My partner is a poet and I am the managing editor for Oberlin College Press, a poetry press, so nearly every surface of my work and personal spaces is covered in poetry books.  Probably my favorite poet is Brian Teare, who is so smart in his thinking about the environment while masterfully constructing a lyric space that is so spare and compressed. Evelyn Reilly's Styrofoam,  an amazingly inventive eco-narrative of styrofoam, is a title I always teach in ecopoetics courses.  Likewise, Juliana Spahr's inexplicably out-of-print Well Then There Now, is a book I would always teach if my students could get their hands on it.  She is virtuosic in her syntactic play. I am working on a lyric memoir project, and Li-Young Lee's The Winged Seed has since I first read it a number of years ago been a compass for how to write a lush poetic story of a life. Sun Yung Shin's Unbearable Splendor, likewise, is stunning in some of the formal leaps it takes and the unsparing eye it uses to interrogate transnational adoption.  Essayists Lia Purpura and Joni Tevis, for me, are exemplars of inventive non-fiction writers whose minds move brilliantly in a way that only intensifies the work of their hearts.

EMMA RICHARDSON

 So much of your writing is incredibly open, intensely, even sometimes grossly personal, and very self-aware in the text.

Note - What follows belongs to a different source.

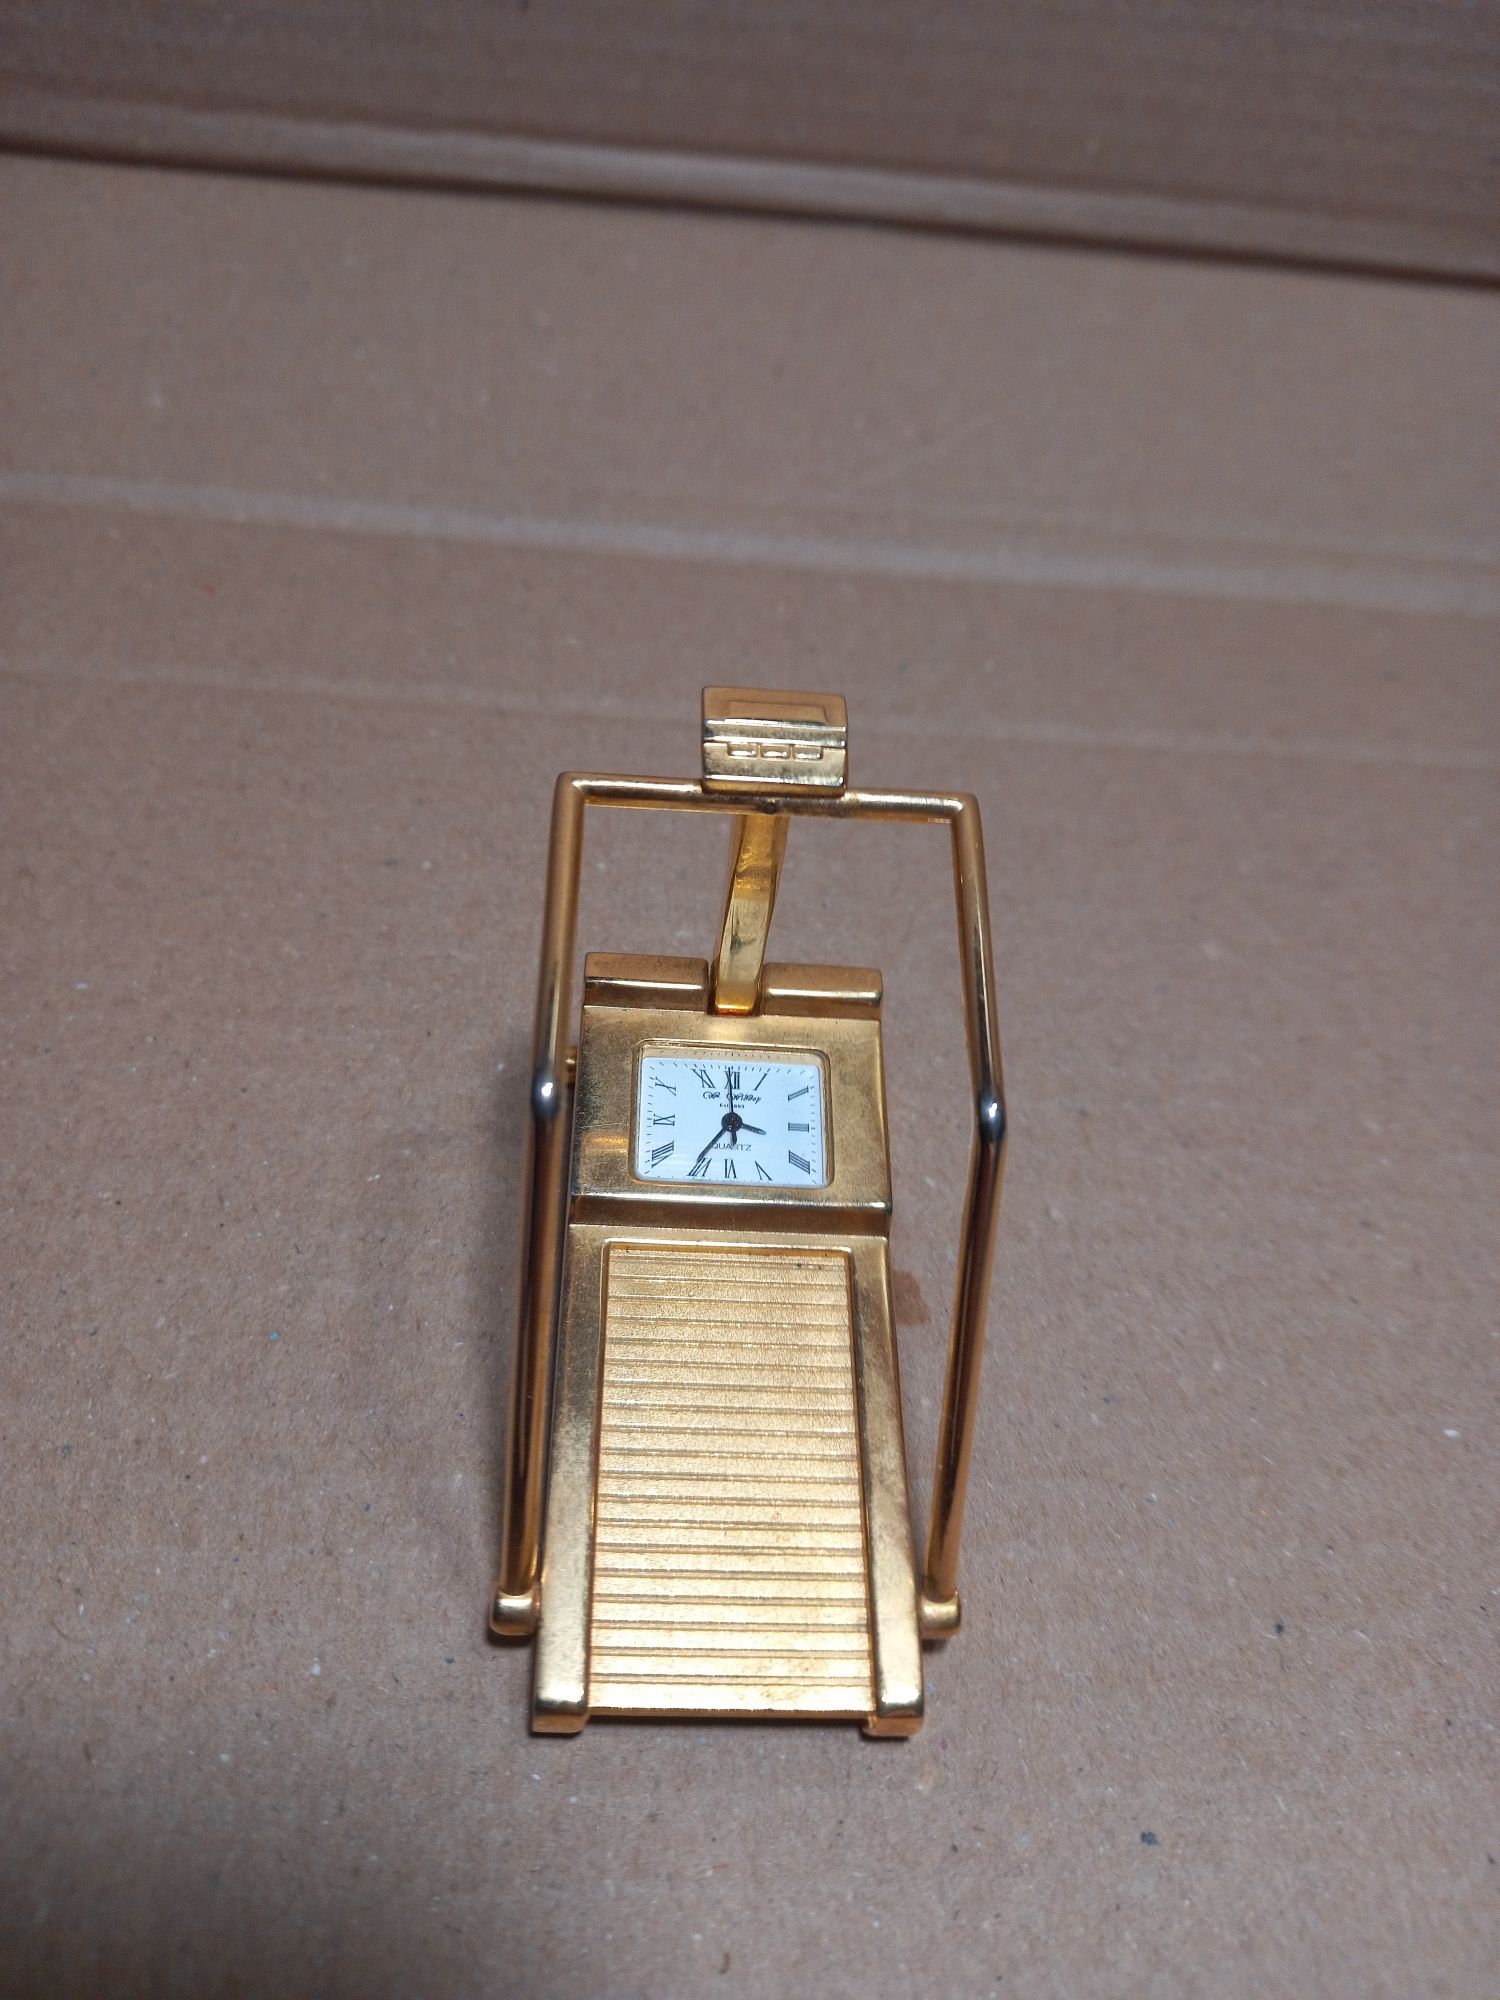 Zegar na bieżnię z kolekcji miniaturowych zegarów Widdop

Can you talk a bit about the importance of this to you in your life and your work?

MARCO WILKINSON

I suppose this starts with the fact that writing is almost always writing to oneself at first.  Mostly my writing starts as a way of trying to scratch some intellectual itch I've had that won't go away.  If a thought recurs enough eventually I find myself writing it down, and trying to explore just what it means to me, what its ramifications are.  In that sense, it can't help but be personal as I unspool the initiating thought through the realities of my own life. This essay, "Hidden Light, Wooden Ladder, Bucket of Clay, Pillar of Water," perhaps more than most, deliberately didn't spare details since part of what I wanted to explore was precisely that dynamic of usually hiding/denying/erasing the traces of our physical existence.  I wanted to find a way to write about the reality of giving and taking, of interaction and reciprocation, of connection, gratitude, and responsibility. It just so happened that I was tapping a maple tree for the first time and experimenting with humanure practice at the time, so these became the tools of my life to give those thoughts shape. Today I might write a completely different essay.  

 


MARCO WILKINSON has had his work appear in Assay, DIAGRAM, Kenyon Review, Seneca Review, and Terrain. He teaches writing and sustainable agriculture at Lorain County Community College and Oberlin College. He is also the managing editor of FIELD and Oberlin College Press.


EMMA RICHARDSON is an editorial assistant at Bennington Review.